**DATA SHOWN**.
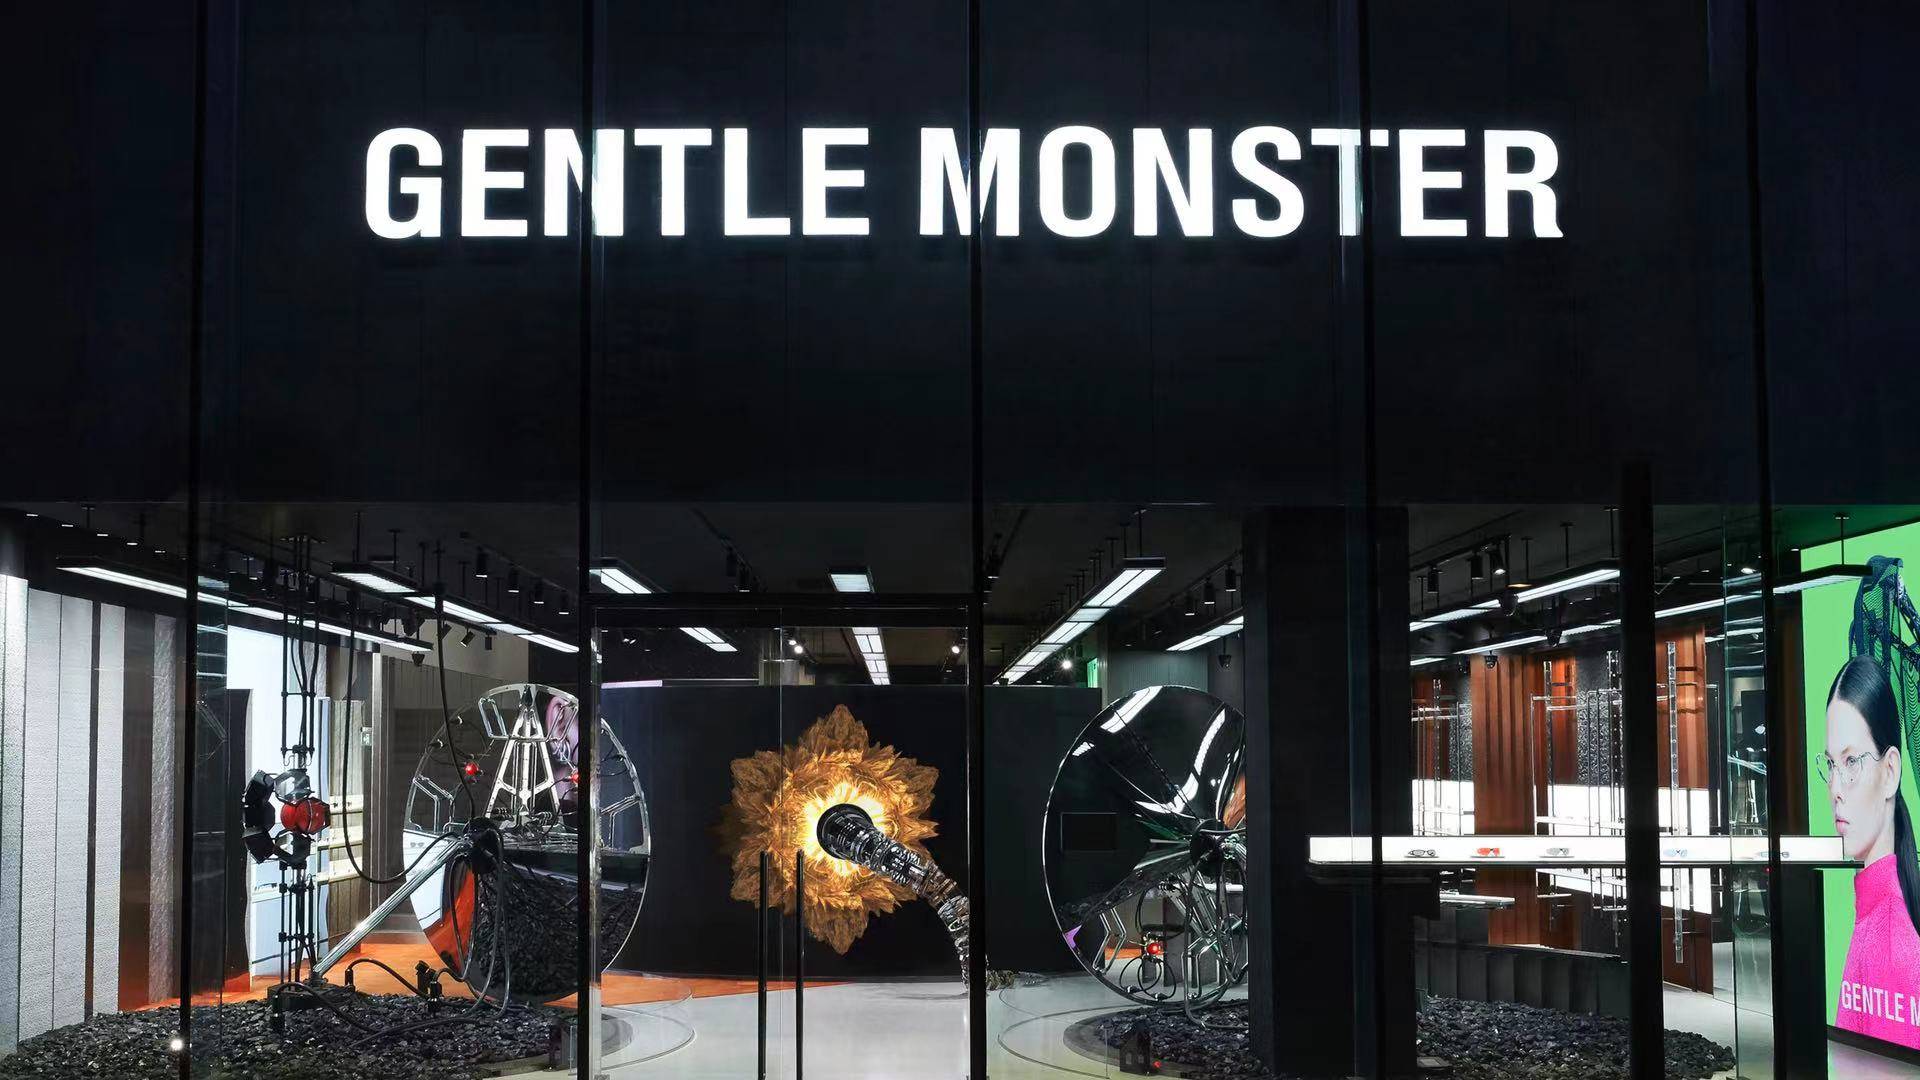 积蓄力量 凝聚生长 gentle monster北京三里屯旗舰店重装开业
...
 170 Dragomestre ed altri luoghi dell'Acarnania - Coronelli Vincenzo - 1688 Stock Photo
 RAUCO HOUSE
---
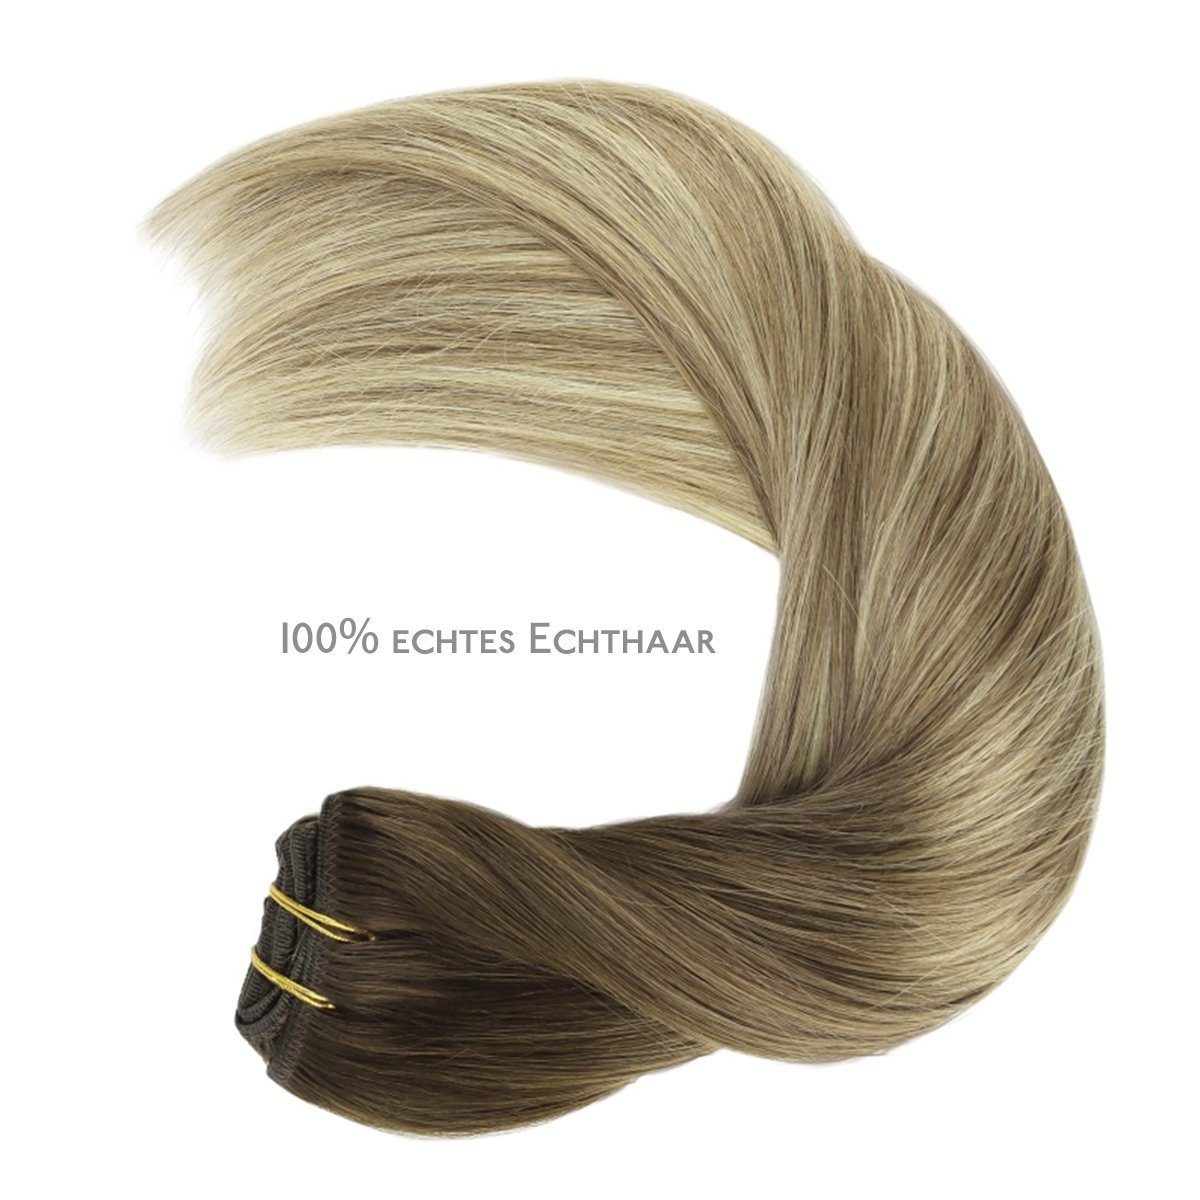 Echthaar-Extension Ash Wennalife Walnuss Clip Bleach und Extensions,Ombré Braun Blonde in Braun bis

**INSTRUCTIONS FOR THE TASK**. Your task is to restate, word for word, only those lines above that fall between the line holding "170 Dragomestre ed" and the line holding "RAUCO HOUSE", inclusive.

**TASK ANSWER**.
 170 Dragomestre ed altri luoghi dell'Acarnania - Coronelli Vincenzo - 1688 Stock Photo
 RAUCO HOUSE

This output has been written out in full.